In a trial for treason, the burden of proof rests with the State which must prove the same beyond reasonable doubt.
Suffice to say that it is a settled principle of prosecution in the Commonwealth that before any charge can be proffered against someone, there must be probable cause. “Probable Cause” denotes sufficient reason based upon known facts to believe a crime has been committed.
Can the DPP tell us which ingredients of treason were present in the Arua case for which thirty five citizens are going to be prosecuted in a matter whose maximum penalty is death?
How much of our tax shillings are going to be wasted in this bogus, unfounded, outlandish and ludicrous case? Why should line institutions of state be used in the shameless service of dictatorship and the selfish whims of Museveni who wants to rule Uganda until death?

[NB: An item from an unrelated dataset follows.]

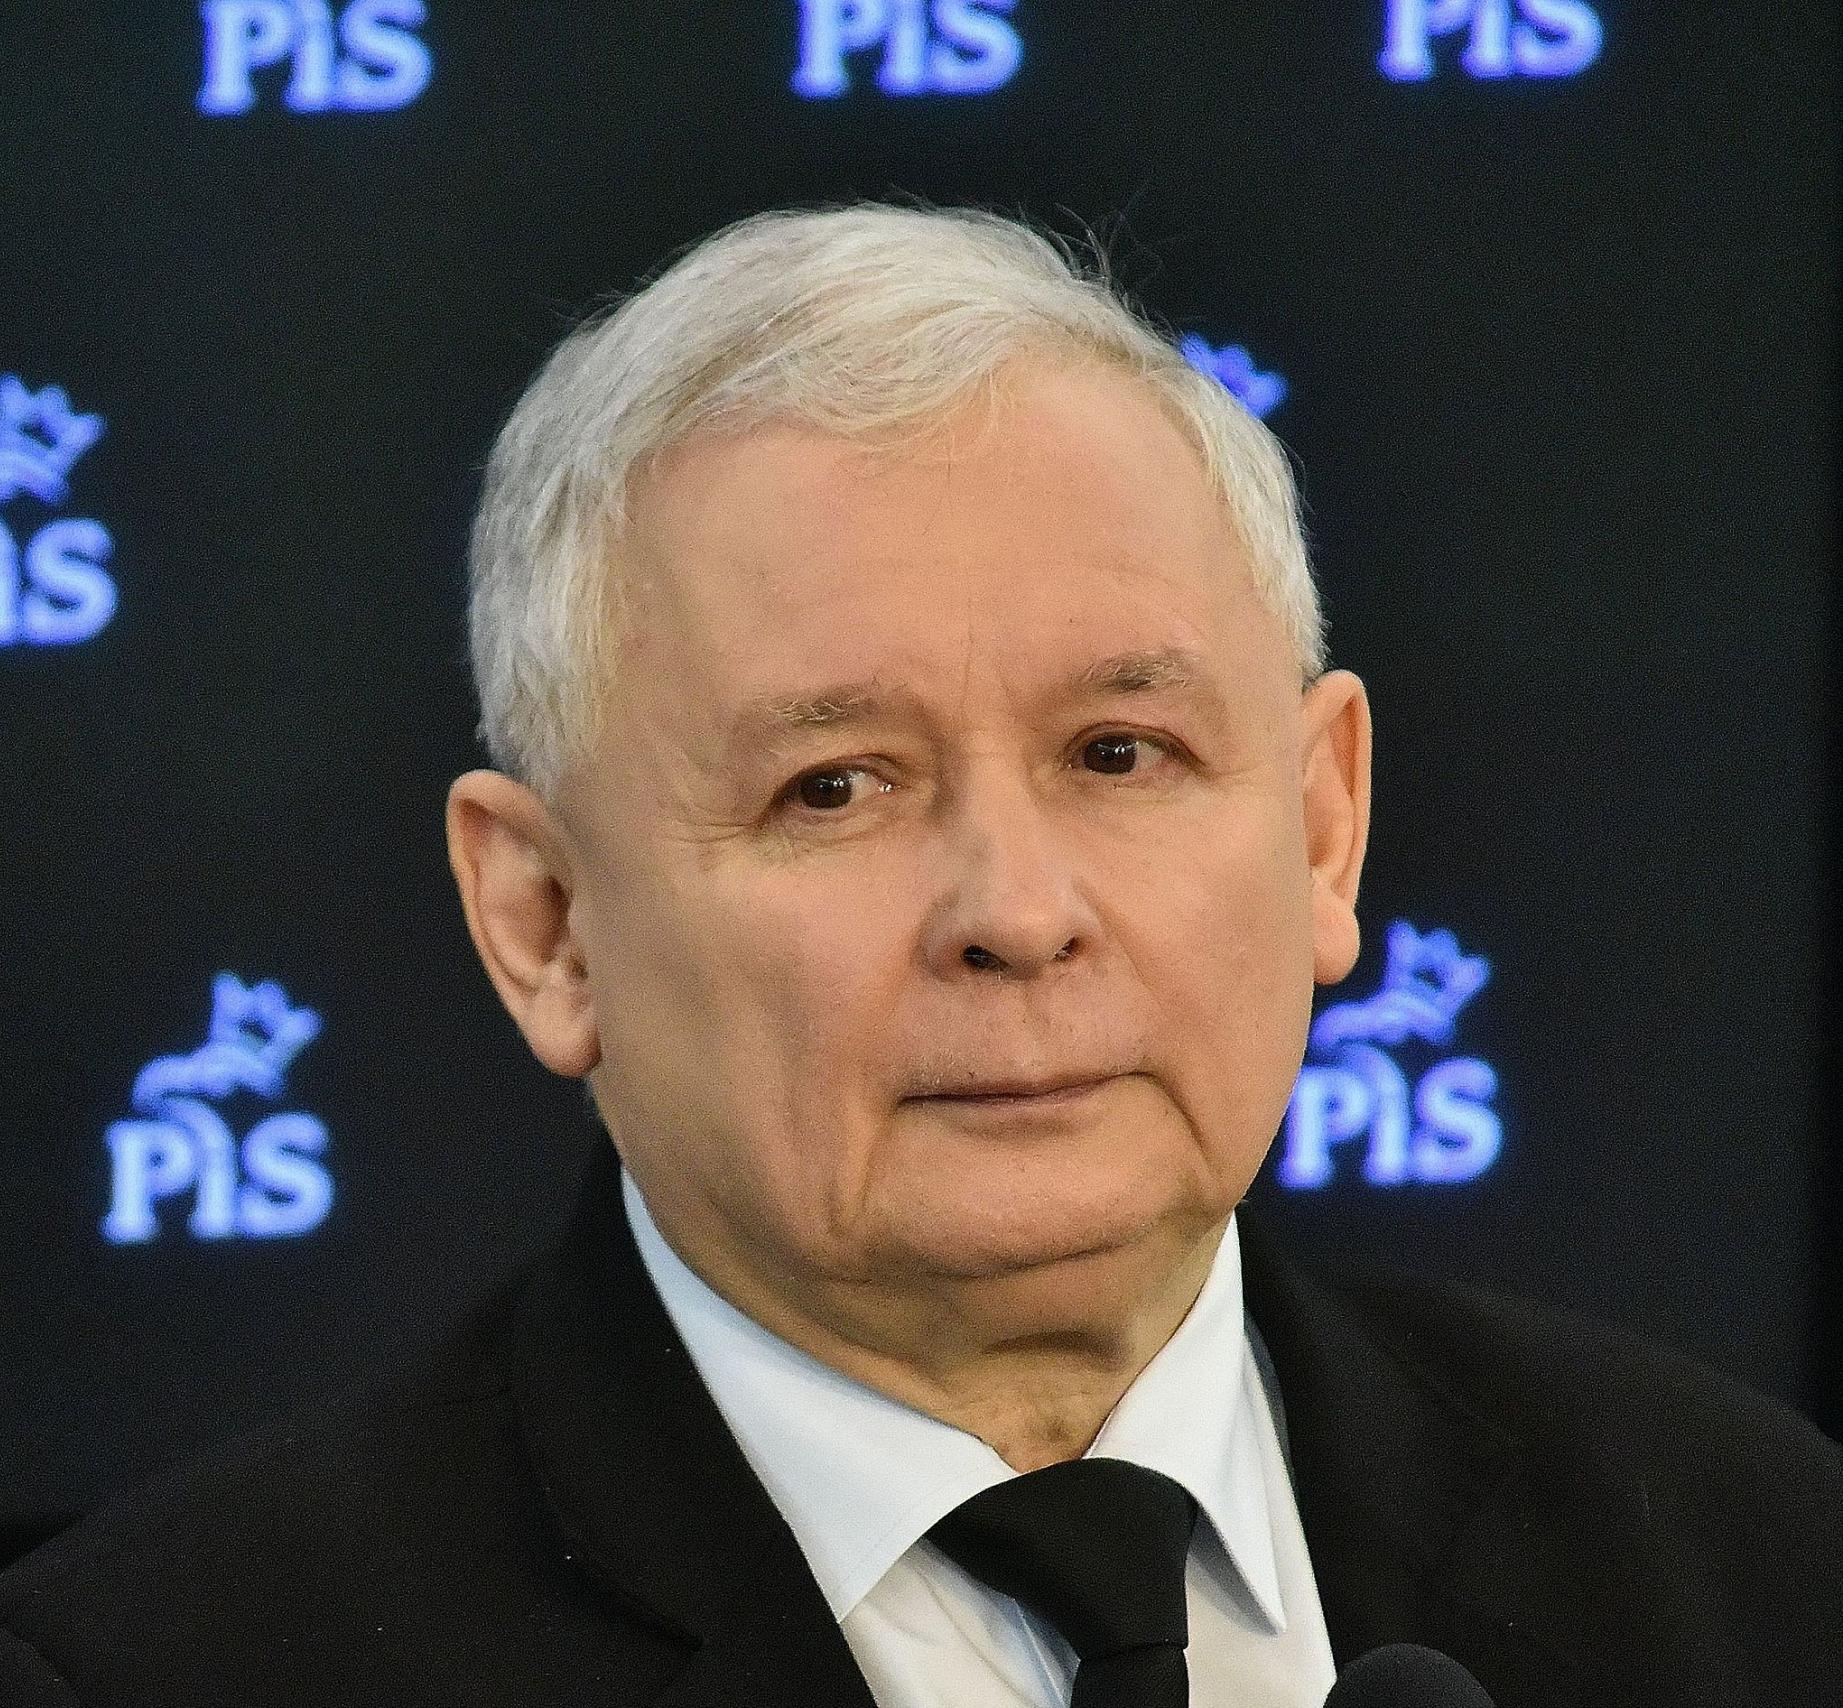 Jarosław Kaczyński ist Vorsitzender der rechtskonservativen Partei PiS und einer der einflussreichsten Politiker des Landes.

Shouldn’t all members of the legal profession—and indeed the citizens of this country be outraged and take steps to arrest this development?!
Lest we forget, it is under the leadership (or lack thereof) of the current DPP that the State lost interest in a number of cases whose facts are far graver than the instant case of Kyagulanyi Ssentamu and Others.
I know it’s cliché but in the end, we will remember not the words of our enemies, said ML King, but the silence of our friends. Are you, Mike Chibita, a friend or enemy of the Ugandan people?
Edmund Burke reminds us that the only thing necessary for evil to triumph is for good men to do nothing.
It is my sincere hope that in this sea of injustice, despair and frustration that the Ugandan polity finds itself in, you can muster the courage to withdraw the spurious indictment for treason that you have issued against innocent Ugandans whose real crime has been to stand up tall and speak boldly against Yoweri Museveni and his ruling cabal who think Uganda is their birthright and private estate.
It is not the noisy armed escorts, privileges and perks that the taxpayer gives you that make you DPP; it is your wherewithal to not only do justice but ensure that justice is seen to be done that make your tenure in that seat worthwhile.
Find your balls, My Lord!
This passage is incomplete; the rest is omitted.